7) Under no circumstance should Congress agree to back off even an inch. Giving in to blackmail only results in more blackmail, and results in letting criminals get away with past and future crimes. What is at stake here is nothing less than the entire “rule-of-law” principle of governance, as opposed to the “strongman” principle of governance held by Putin and Trump. If we lose the rule of law, we lose everything built upon it, which is to say everything.
8) What we need to do: Call our Representatives and Senators, ASAP, to urge them to stand strong, to call out Trump’s blackmail for what it is, to demand that he stop it and back down immediately, and to make exactly no promises in response to his threats.

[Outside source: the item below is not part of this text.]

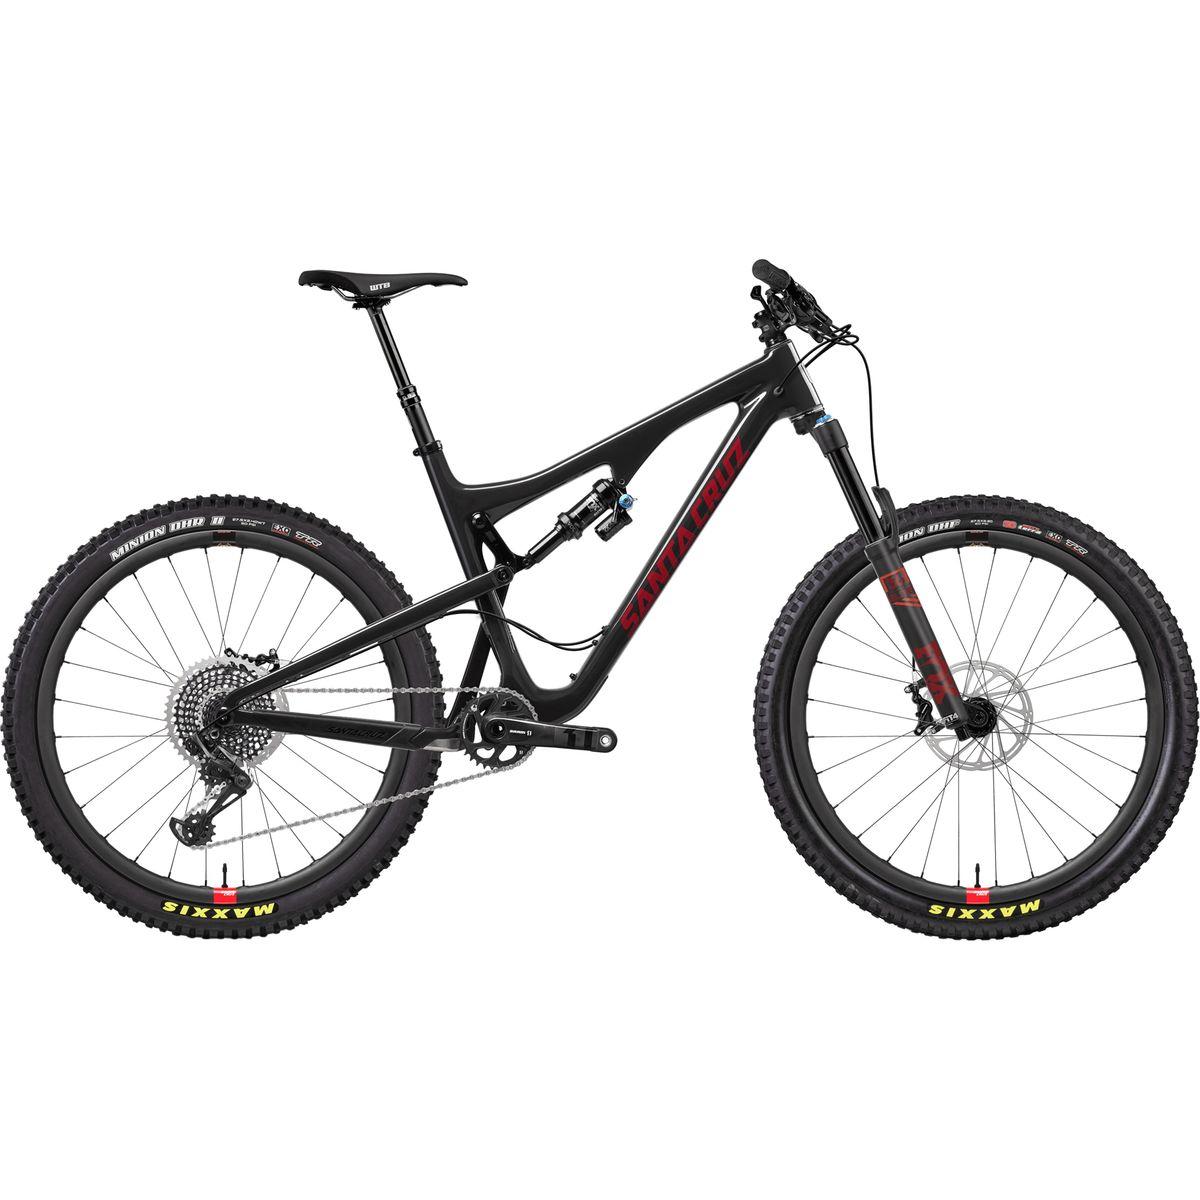 Santa Cruz Bicycles Bronson 2.1 Carbon CC X01 Eagle Reserve Complete 2018 Carbon Sriracha

9) IMHO this episode deserves an article of impeachment all its own. I trust Speaker Pelosi’s strategic and tactical judgements about how to move forward with impeachment hearings, and I’d encourage us to have patience while she assembles the pieces in such a manner that they’ll work as intended. (At minimum, to hold extensive impeachment hearings and then get an Impeachment Resolution passed in the House.) The present situation has probably just given her another piece to work with.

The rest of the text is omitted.